Wednesday, May 12th, 2010

Via Bad at Sports,

Woodhull Hospital in Brooklyn is letting artists of all stripes pay for their medical bills by trading “credits” they earn by donating their skills & time to patients in recovery. The program called “Artist Access”  was born last year, when Dr. Edward Fishkin, Medical Director of Brooklyn’s Woodhull Medical and Mental Health Center, met Laura Colby a former dancer turned performing arts agent.

The Artist Access program allows artists to provide interactive art programs for patients in exchange for health care credits. The  credits are deposited in the artist’s personal account, 40 credits for each hour of work which equates to about 40$ [sic] an hour and can be used to cover sliding scale fees in Woodhull’s HHC Options program.

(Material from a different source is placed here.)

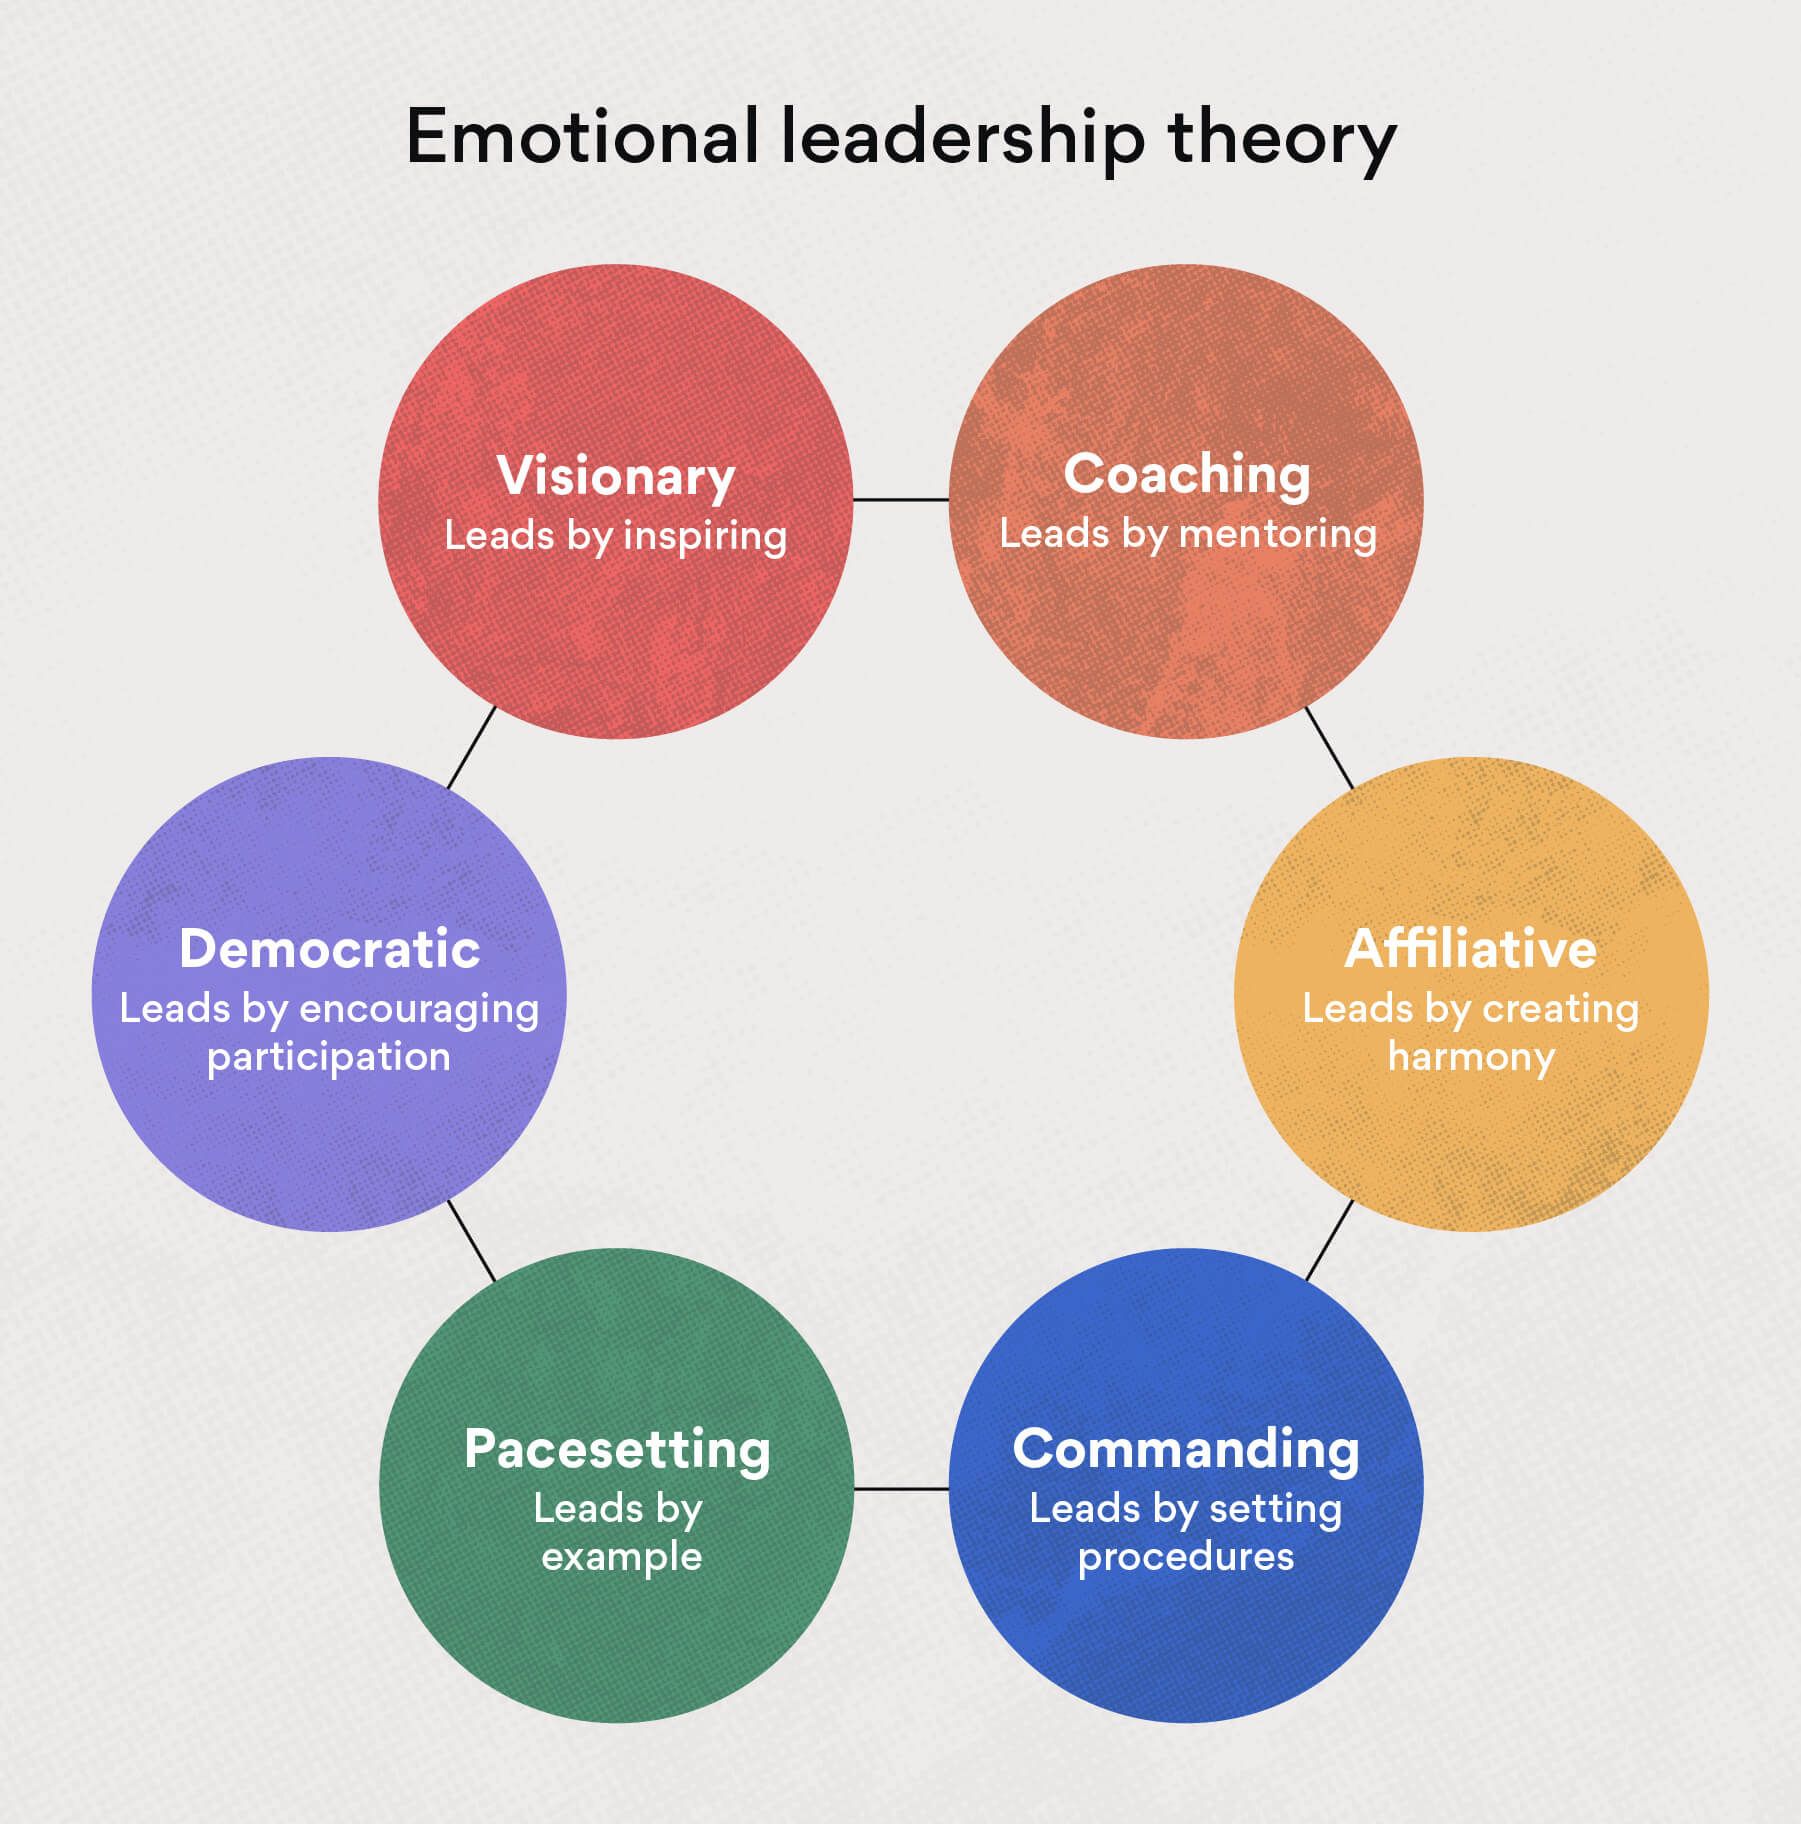 Emotional leadership theory

BaS author Hudgens asserts, “[The Artist Access Program] isn’t a soulution for the masses and looks to be a buracratic ousourcing [sic] of rehabilitation entertainment & inspiration program development but it’s a brave step in the right direction…” I cannot say I agree that this program is a mere bureaucratic solution in avoidance of regular rehab entertainment expenses, but I do think it is a creative solution to the perennial problem of obtaining adequate health care for artists who do not make enough money on their own to purchase health insurance or who do not wish to get a day job just to obtain insurance.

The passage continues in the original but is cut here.